Epoch: 0 	Training Loss: 0.693051 	Validation Loss: 0.690293
Validation loss decreased (inf --> 0.690293).  Saving model ...
Epoch: 10 	Training Loss: 0.545161 	Validation Loss: 0.511763
Validation loss decreased (0.524733 --> 0.511763).  Saving model ...
Epoch: 20 	Training Loss: 0.417602 	Validation Loss: 0.364236
Validation loss decreased (0.378216 --> 0.364236).  Saving model ...
Epoch: 30 	Training Loss: 0.336811 	Validation Loss: 0.282483
Validation loss decreased (0.284864 --> 0.282483).  Saving model ...
Epoch: 40 	Training Loss: 0.288169 	Validation Loss: 0.239538
Validation loss decreased (0.244177 --> 0.239538).  Saving model ...
Epoch: 50 	Training Loss: 0.257086 	Validation Loss: 0.211998
Validation loss decreased (0.214534 --> 0.211998).  Saving model ...
Epoch: 60 	Training Loss: 0.229341 	Validation Loss: 0.193628
Validation loss decreased (0.195296 --> 0.193628).  Saving model ...
Epoch: 70 	Training Loss: 0.210941 	Validation Loss: 0.177830
Validation loss decreased (

In [12]:
model.load_state_dict(torch.load('checkpoint.cpt'))
# monitor test loss and accuracy
test_loss = 0.
correct = 0.
total = 0.

model.eval()
for batch_idx, (data, target) in enumerate(loaders['test']):
    # move to GPU
    if use_cuda:
        data, target = data.cuda(), target.cuda()
    # forward pass: compute predicted outputs by passing inputs to the model
    output = model(data)
    # calculate the loss
    loss = criterion(output, target)
    # update average test loss 
    test_loss = test_loss + ((1 / (batch_idx + 1)) * (loss.data - test_loss))
    # convert output probabilities to predicted class
    pred = output.data.max(1, keepdim=True)[1]
    # compare predictions to true label
    correct += np.sum(np.squeeze(pred.eq(target.data.view_as(pred))).cpu().numpy())
    total += data.size(0)

print('Test Loss: {:.6f}\n'.format(test_loss))

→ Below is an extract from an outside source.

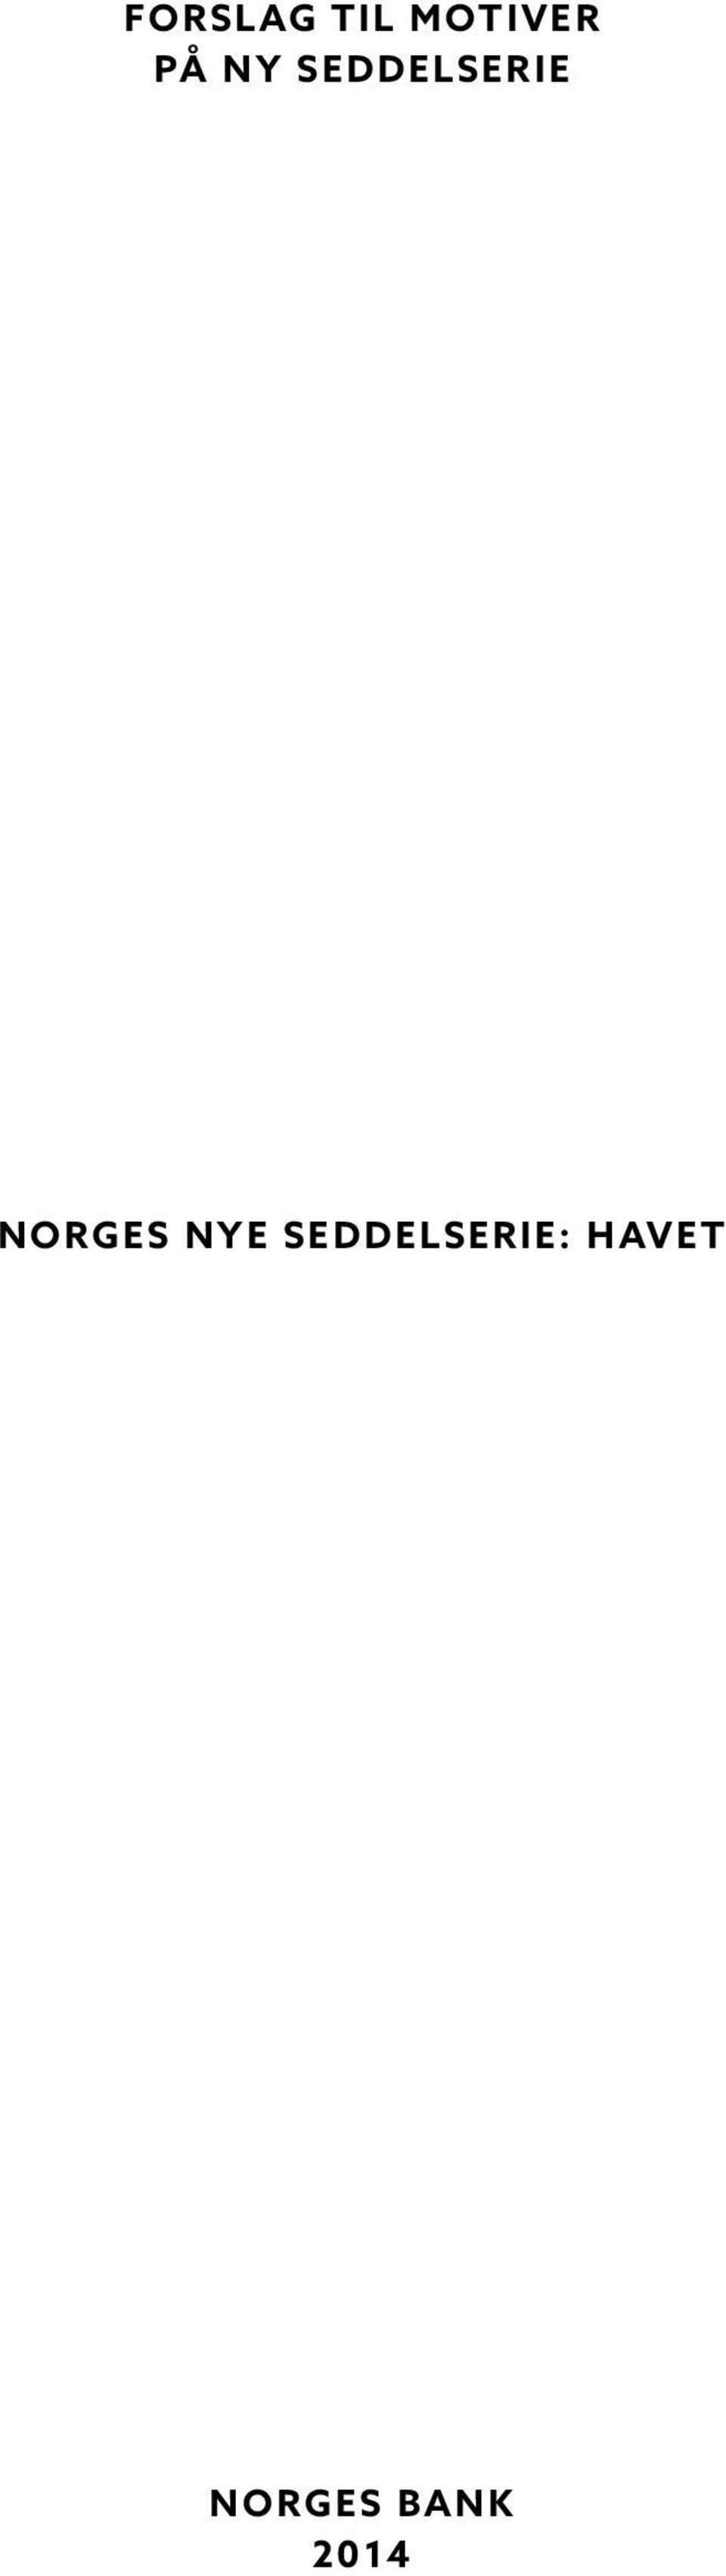 NORGES NYE

print('\nTest Accuracy: %2d%% (%2d/%2d)' % (
    100. * correct / total, correct, total))

Test Loss: 0.124207


Test Accuracy: 95% (65273/68579)


## Relationship Model

In [14]:
class TypeModel(nn.Module):
    def __init__(self):
        super(TypeModel, self).__init__()
        self.fc1 = nn.Linear(1024, 512)
        self.fc2 = nn.Linear(512, 128)
        self.fc3 = nn.Linear(128, 64)
        self.output = nn.Linear(64, 4)
        
        self.dropout = nn.Dropout(p=0.5)
        self.logSoftMax = nn.LogSoftmax(dim=1)
        self.relu = nn.ReLU()
        
    def forward(self, x):
        x = self.dropout(self.relu(self.fc1(x)))
        x = self.dropout(self.relu(self.fc2(x)))
        x = self.dropout(self.relu(self.fc3(x)))
        x = self.logSoftMax(self.output(x))
        return x

relation_model = TypeModel()
use_cuda = torch.cuda.is_available()
if use_cuda:
    relation_model.cuda()

In [15]:
relation_criterion = nn.NLLLoss()
relation_optimizer = optim.SGD(relation_model.parameters(), lr=0.01)

In [16]:
"""returns trained model"""
# initialize tracker for minimum validation loss
valid_loss_min = np.Inf 

for epoch in range(30):
    # initialize variables to monitor training and validation loss
    train_loss = 0.0
    valid_loss = 0.0

    ###################
    # train the model #
    ###################
    relation_model.train()
    for batch_idx, (data, target) in enumerate(relation_loaders['train']):
        relation_optimizer.zero_grad()
        # move to GPU
        if use_cuda:
            data, target = data.cuda(), target.cuda()
        ## find the loss and update the model parameters accordingly
        pred = relation_model(data)
        loss = relation_criterion(pred, target)
        loss.backward()
        relation_optimizer.step()
        ## record the average training loss, using something like
        train_loss += ((1 / (batch_idx + 1)) * (loss.data - train_loss))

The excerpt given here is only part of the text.